__The data__
────────
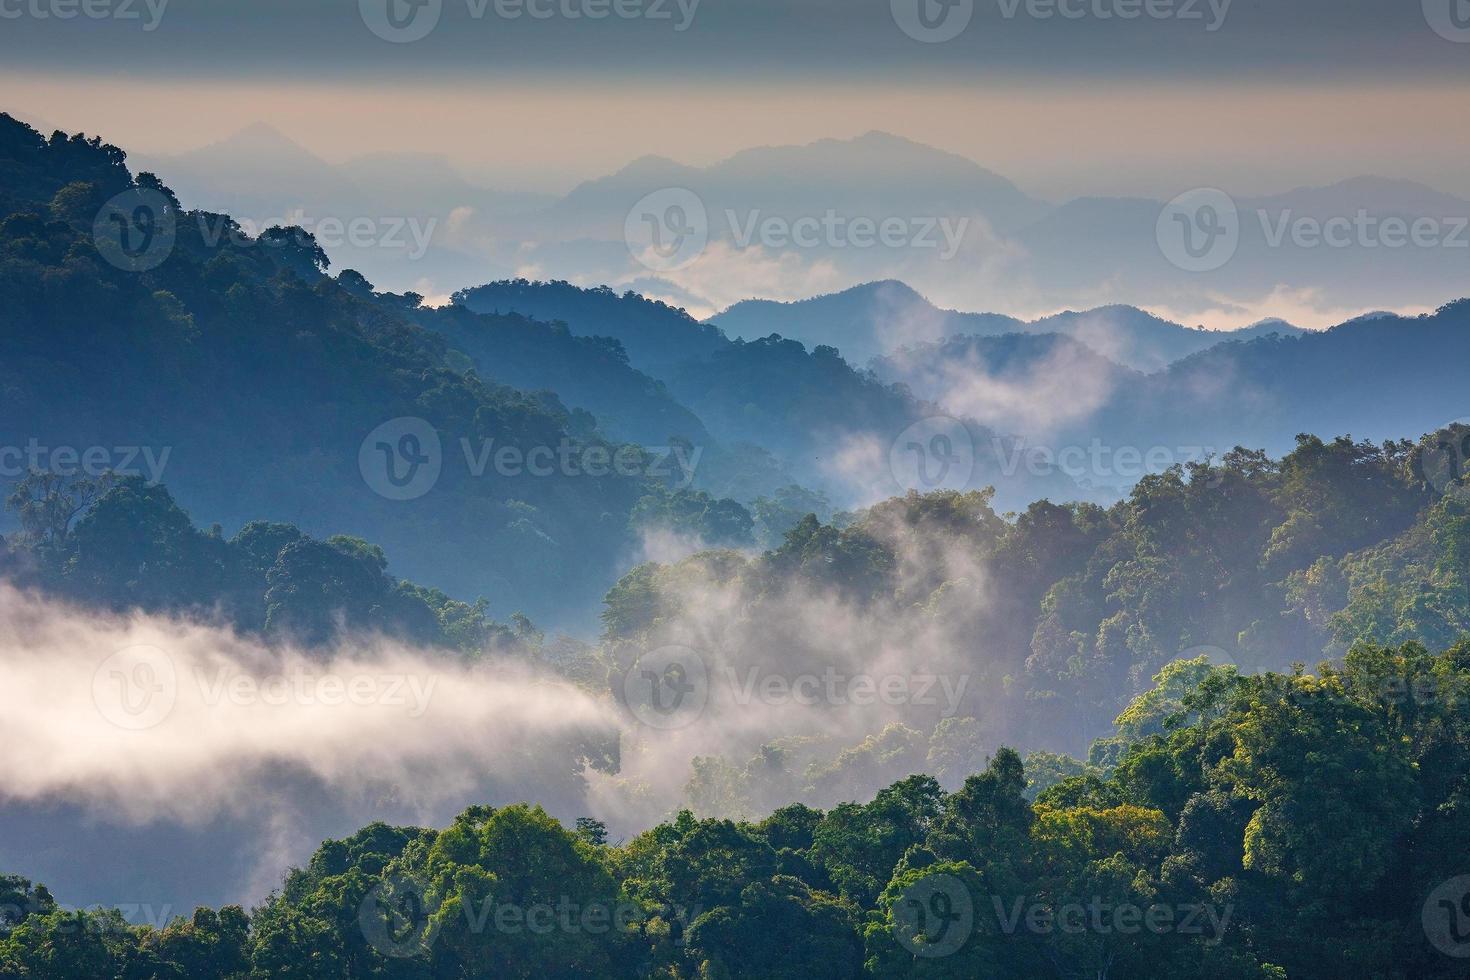 nebbia mattutina a catena montuosa tropicale, Thailandia foto
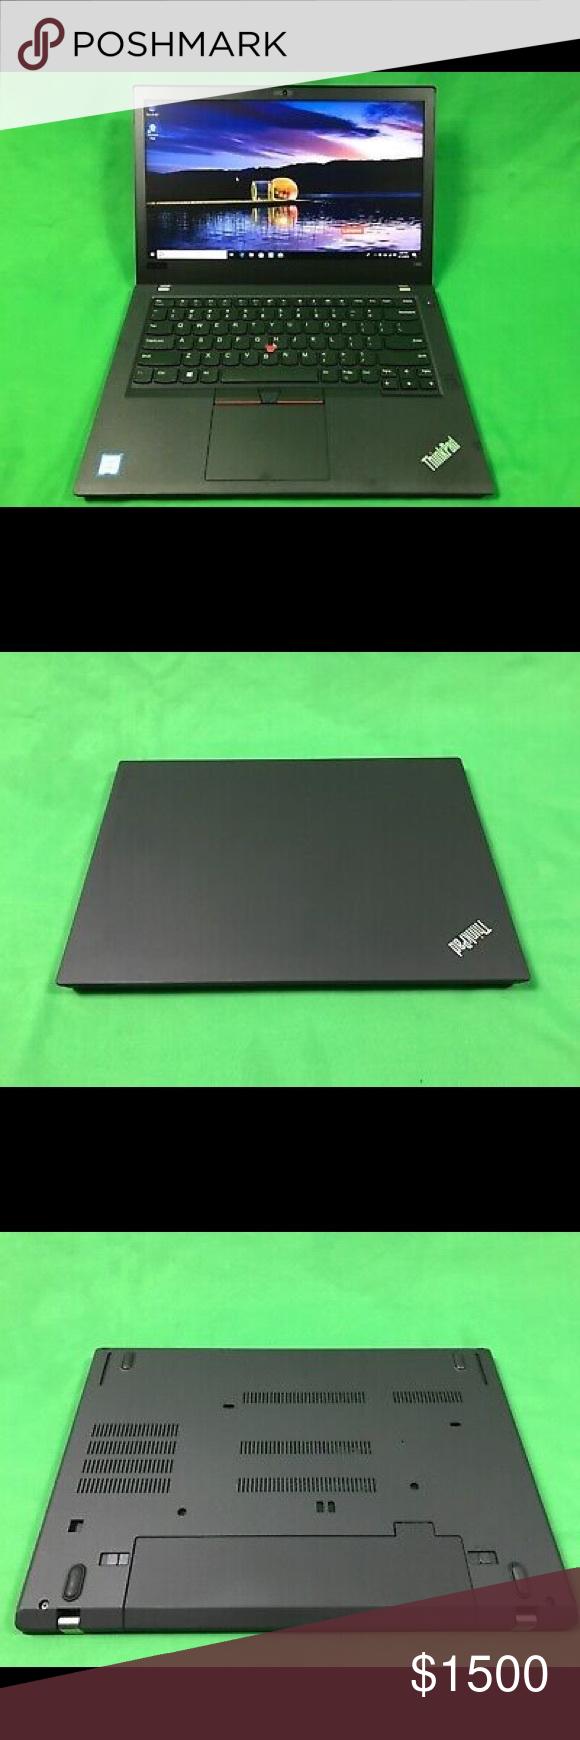 Lenovo Thinkpad T480s i5-8350U 16GB DDR4 256GB SSD Lenovo
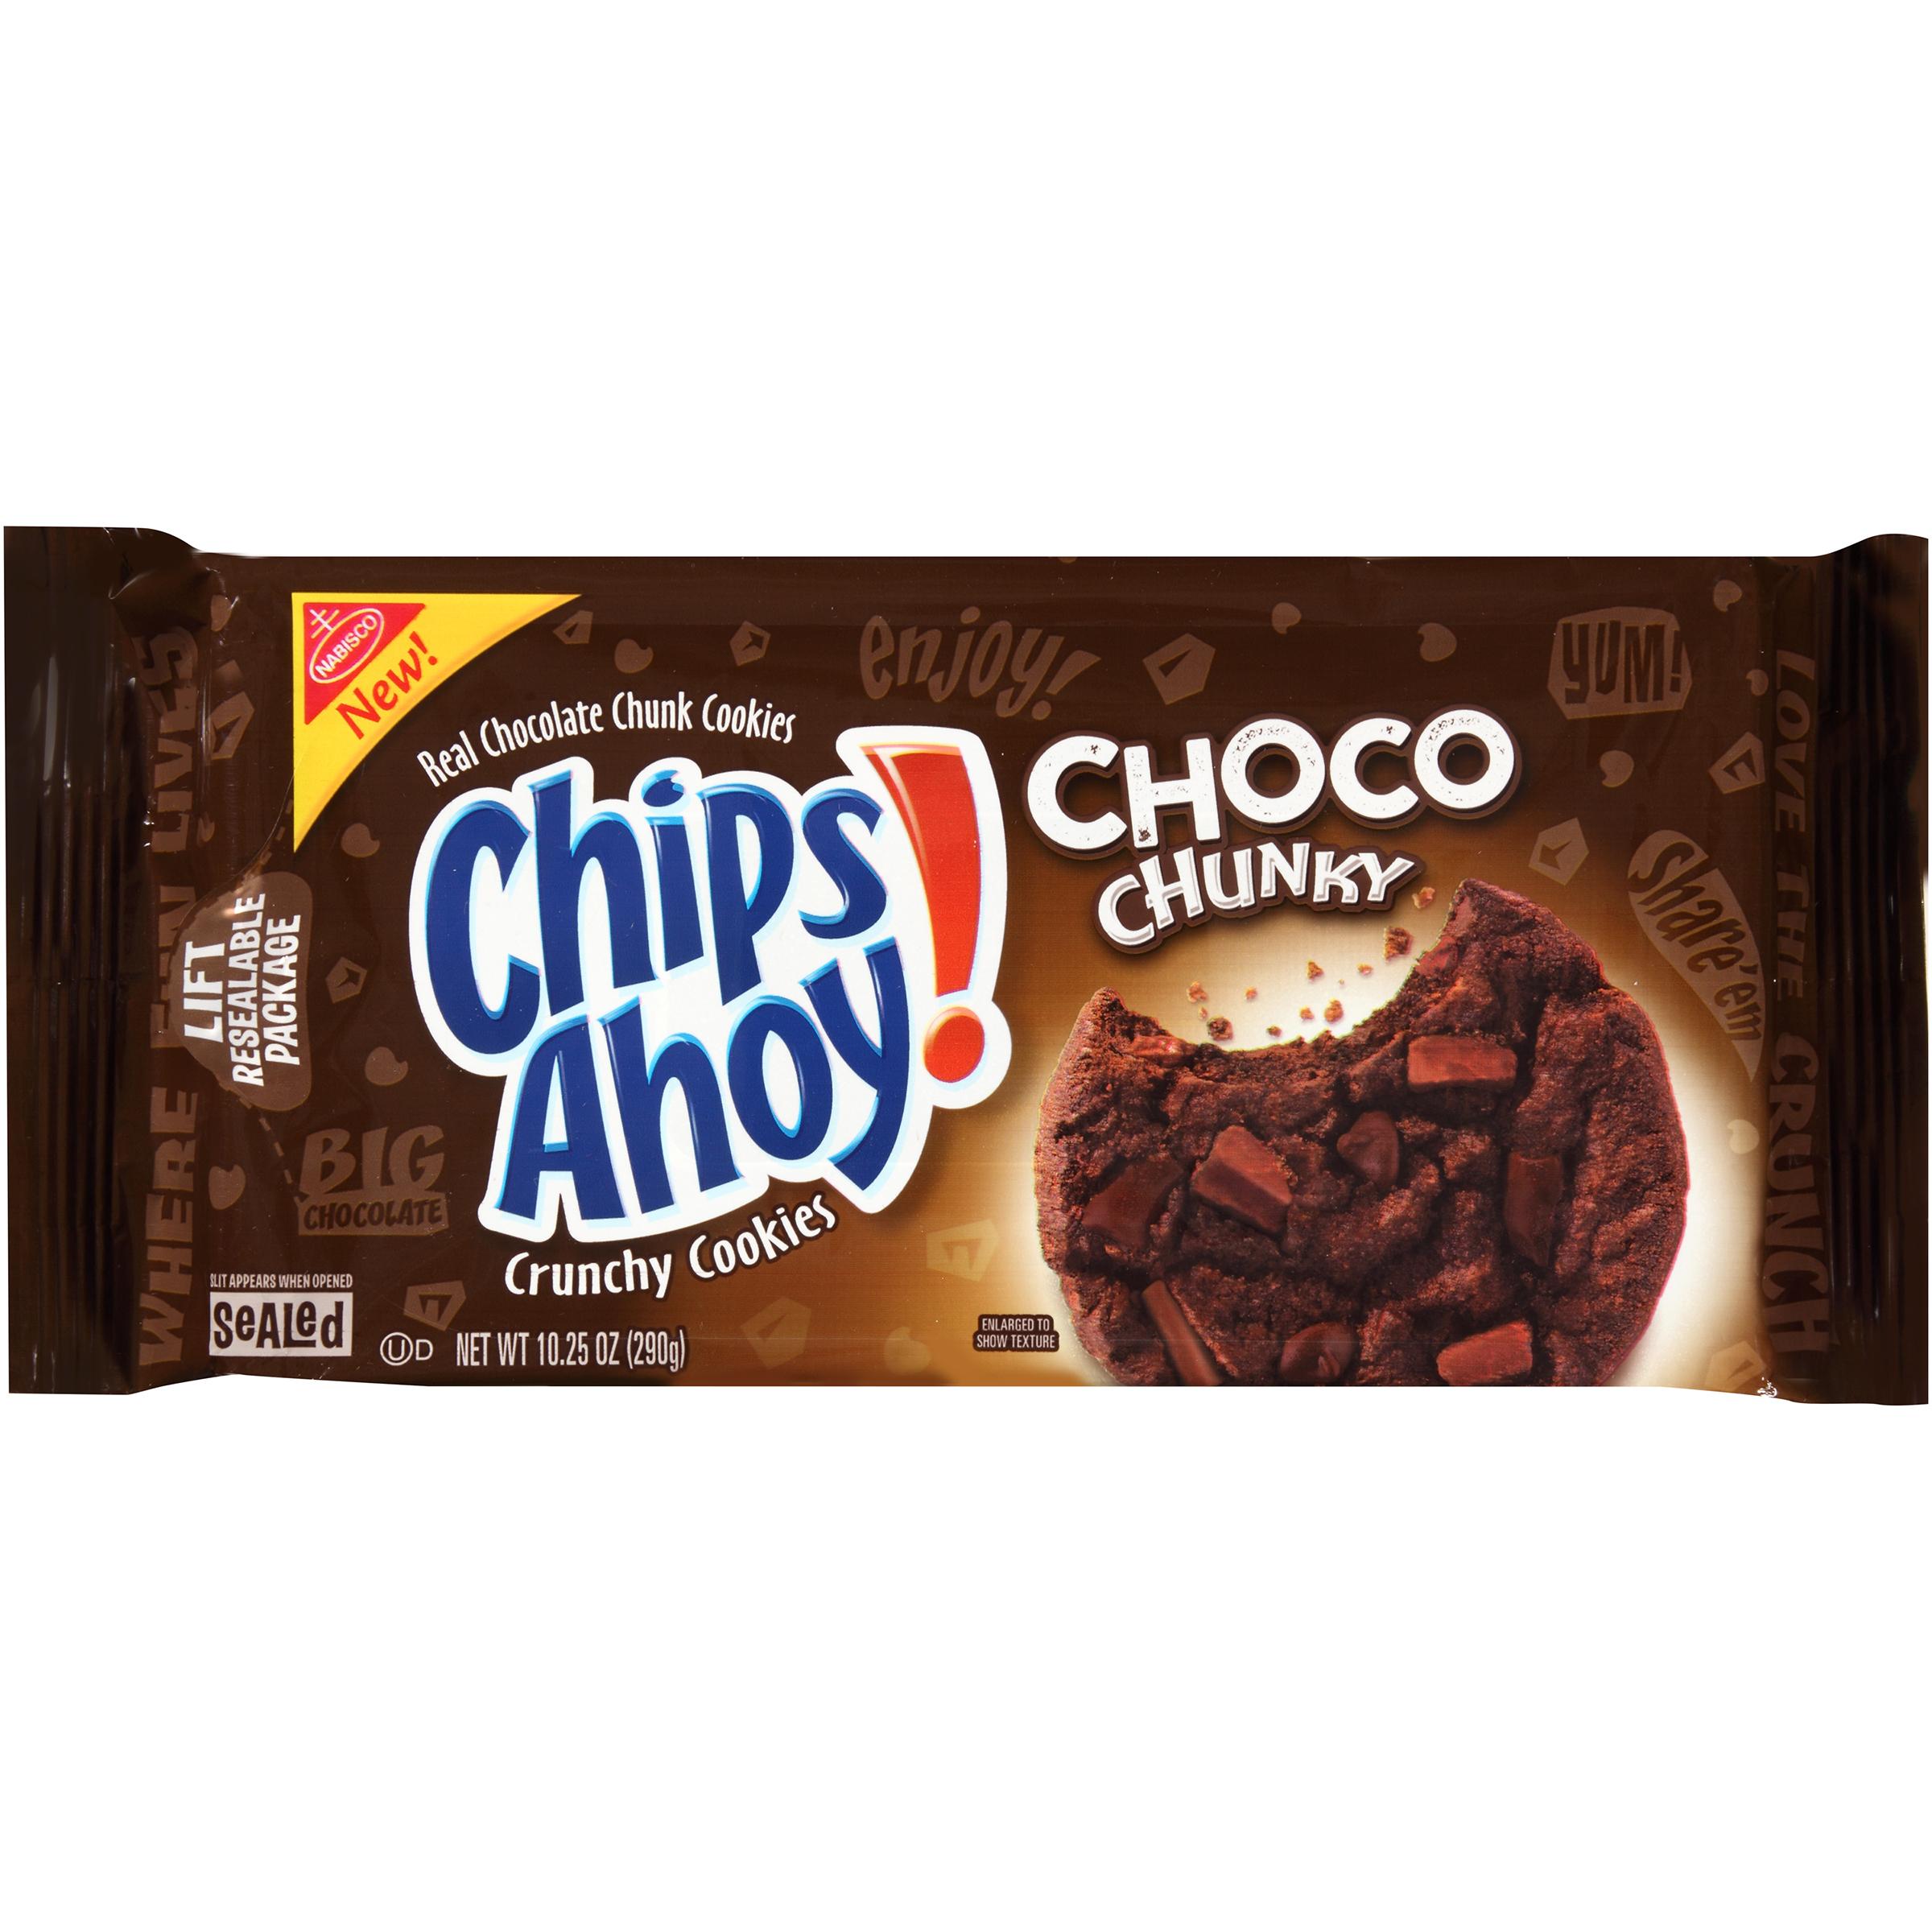 CHIPS AHOY! Choco Chunky Cookies 10.26 oz
────────
__Exercise directions__
Write out the whole listing exactly, with no pictures.

__The answer__
 nebbia mattutina a catena montuosa tropicale, Thailandia foto
 Lenovo Thinkpad T480s i5-8350U 16GB DDR4 256GB SSD Lenovo
 CHIPS AHOY! Choco Chunky Cookies 10.26 oz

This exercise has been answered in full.